Aiming at great looking abs is a common goal for many people. So what types of free exercises to flatten stomach fast are the most effective without using expensive exercise equipment? This is a short list of some of the more effective abs exercises that you can do to see some results in a short time.
One vital thing to notice is that abs are made of many muscle groupings and are a ’system’, not separate parts. The most effective way to enhance your abs is to work on the muscle grouping as a whole to gain optimal performance.
Exercise ball crunch : An exercise ball is a particularly effective tool for core strengthening and will produce the quickest most noticeable ends in the appearance and toning of your abs. This actual exercise works your rectis abdominis muscle.
Position yourself, face up on the exercise ball, your middle to back should be resting on the ball. Place your arms behind your head.
Concentrating on your torso, contract your abs and pull the base of your ribcage towards your hips.

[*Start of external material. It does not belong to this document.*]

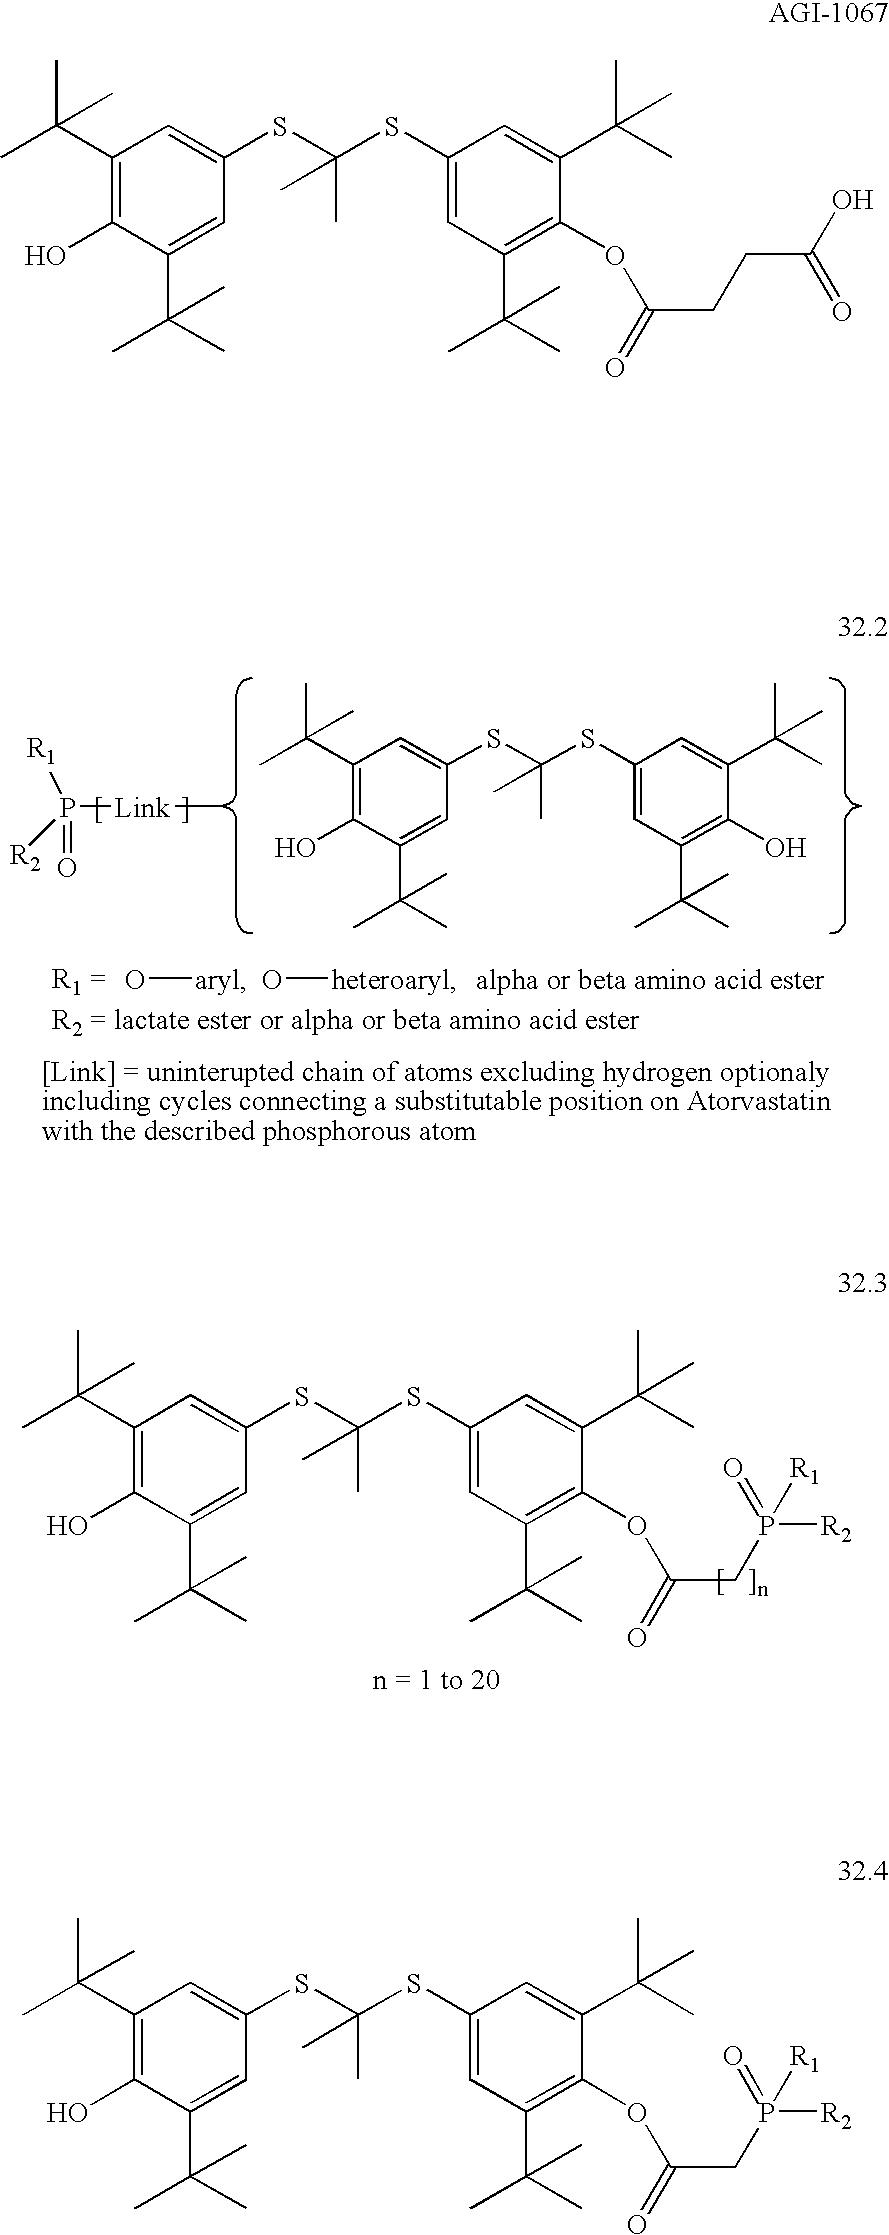 Figure US07407965-20080805-C00243

As you curl upwards, try to keep the exercise ball steady ( be sure not to let it roll ).
Lower yourself back down, and repeat this for 12 - 15 reps.
Vertical Leg Crunch : This exercise will work your obliques as well as your rectis abdominis.
Lie on the floor on your back and extend your legs up with your knees crossed.
Contract your abs so you feel your shoulder blades lift off the floor.
Keep your legs still and envision moving your belly button to your backbone at the apex of the movement.
Lower and repeat the entire movement twelve - fifteen times.
Bent Leg Hip Raises : This exercise will target your lower abs and is safe for your back.
Lie on the floor with your knees bent, heels on the floor and your jaw towards your chest.
Keep your feet together and concentrate on using your lower abs to raise your hips off the floor, bringing your knees towards your forehead.
At the top of the movement, your feet should be directly above your head.
Lower your legs back down, let your feet gently touch the floor, repeat 12 - 15 times.
These are only a few effective exercises. There are plenty of more, and to add difficulty and power, weights can be added in to most abs exercises.